▶ TASK STATEMENT
The whole listing below needs to be duplicated exactly, pictures aside.

▶ PROVIDED MATERIAL
• • •

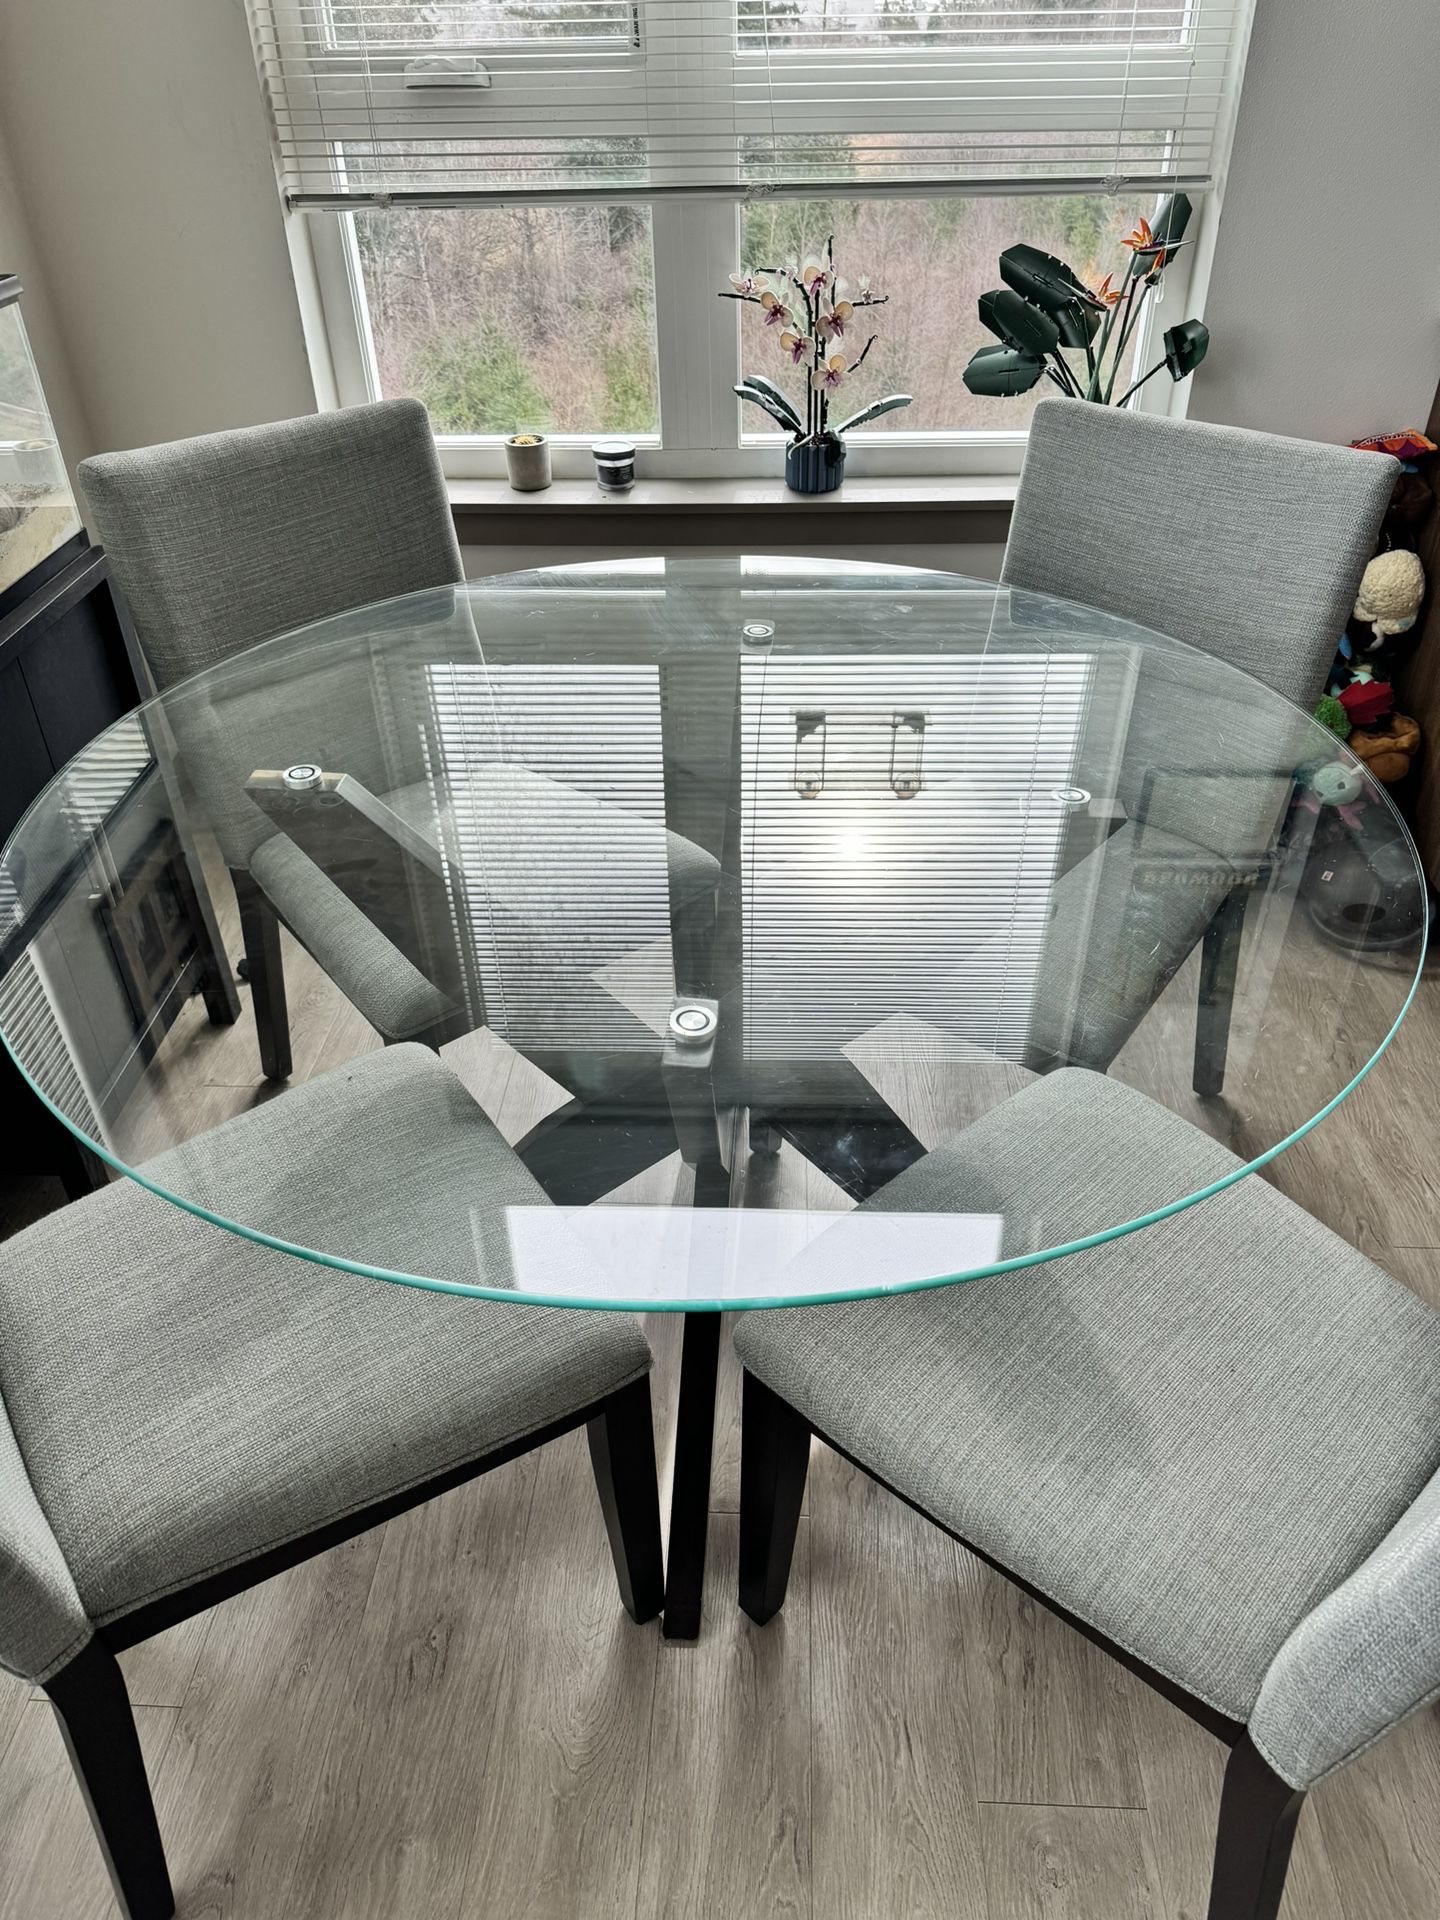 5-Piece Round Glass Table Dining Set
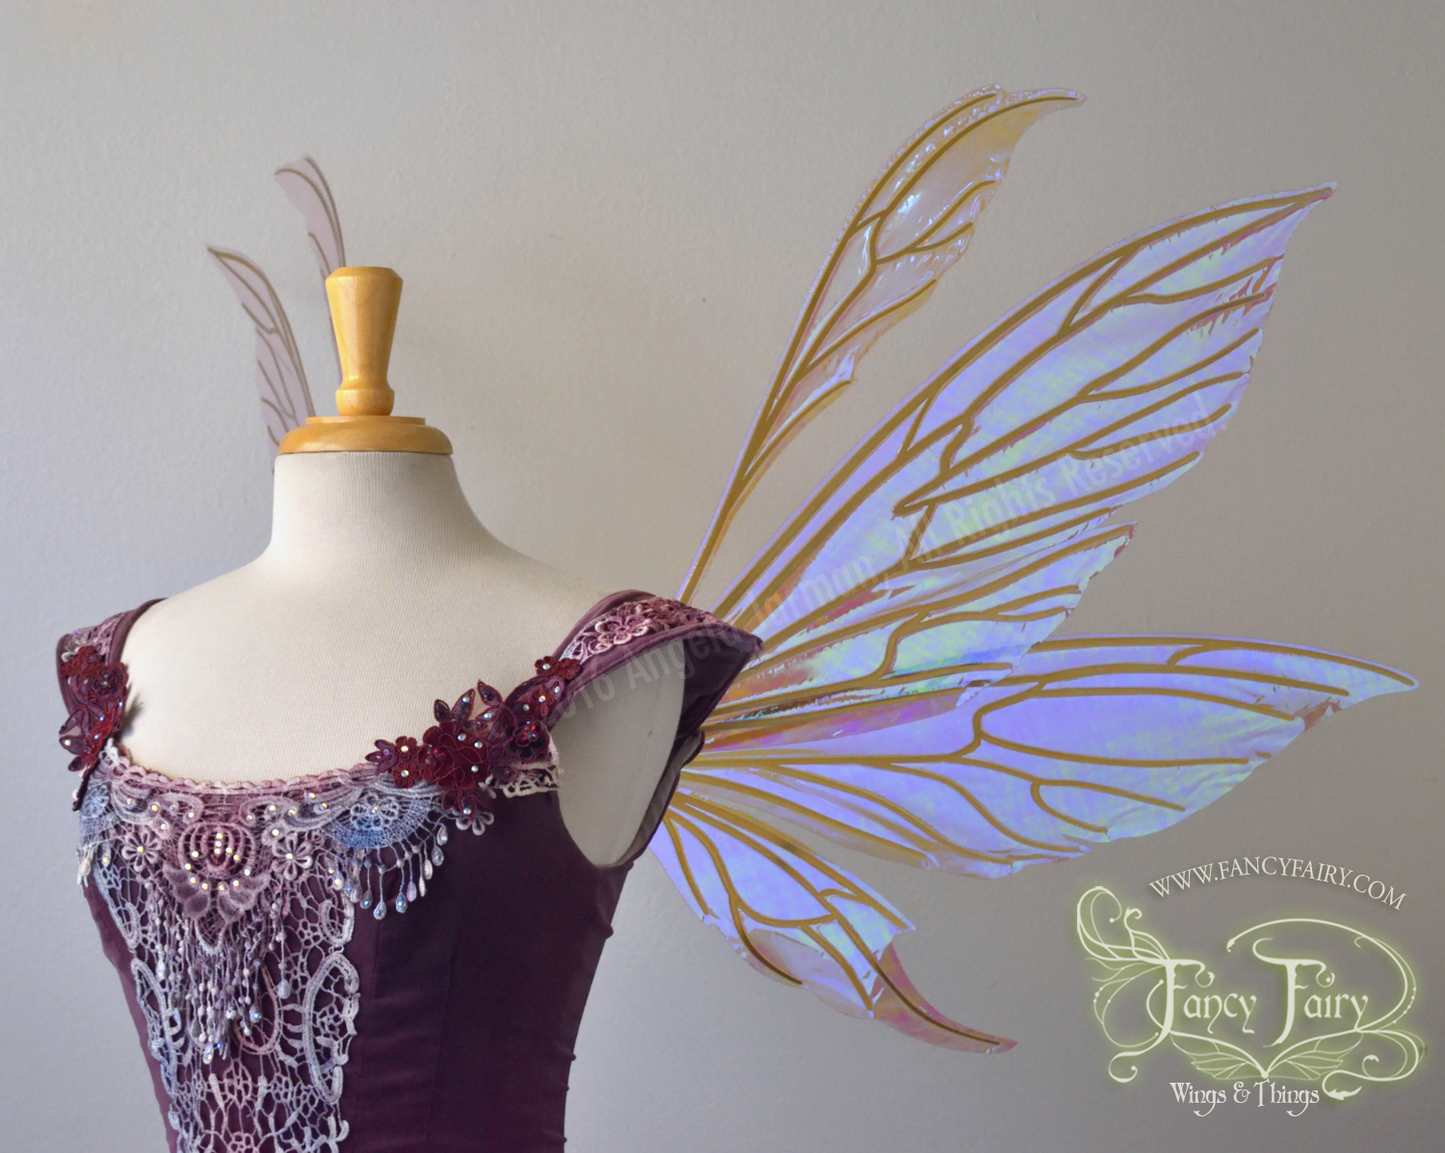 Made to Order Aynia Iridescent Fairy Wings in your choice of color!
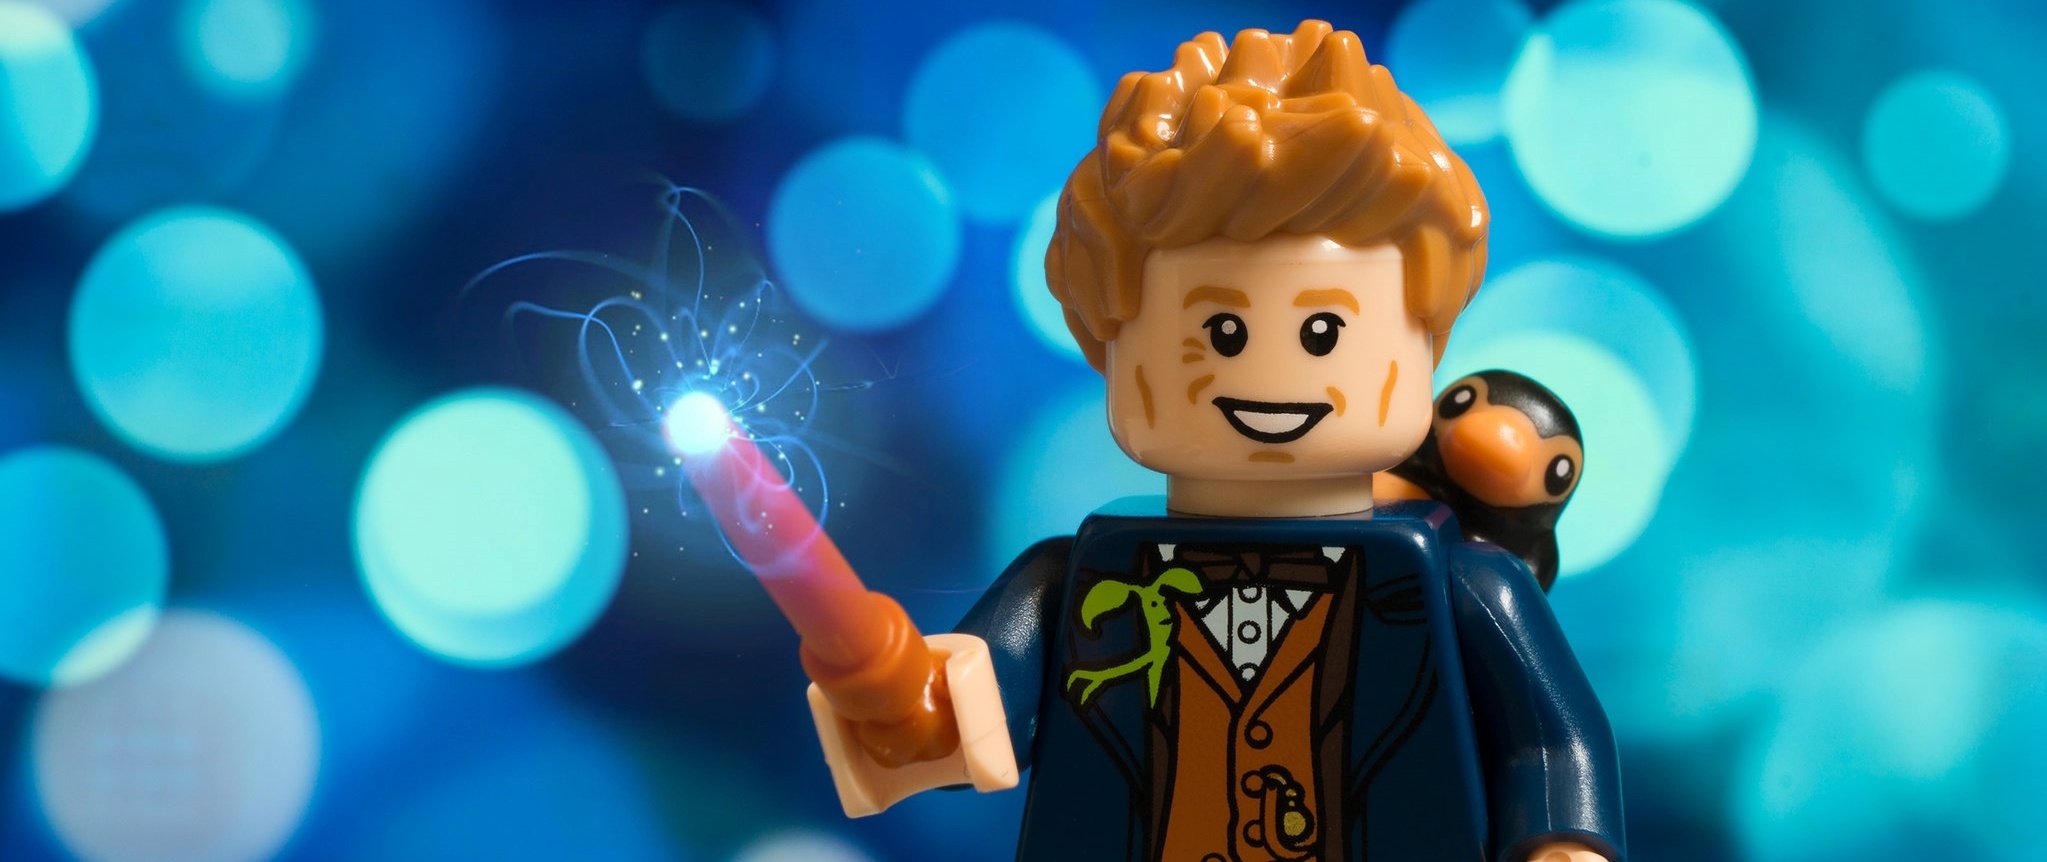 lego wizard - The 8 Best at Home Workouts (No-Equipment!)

• • •

▶ RESPONSE TO THE TASK
 5-Piece Round Glass Table Dining Set
 Made to Order Aynia Iridescent Fairy Wings in your choice of color!
 lego wizard - The 8 Best at Home Workouts (No-Equipment!)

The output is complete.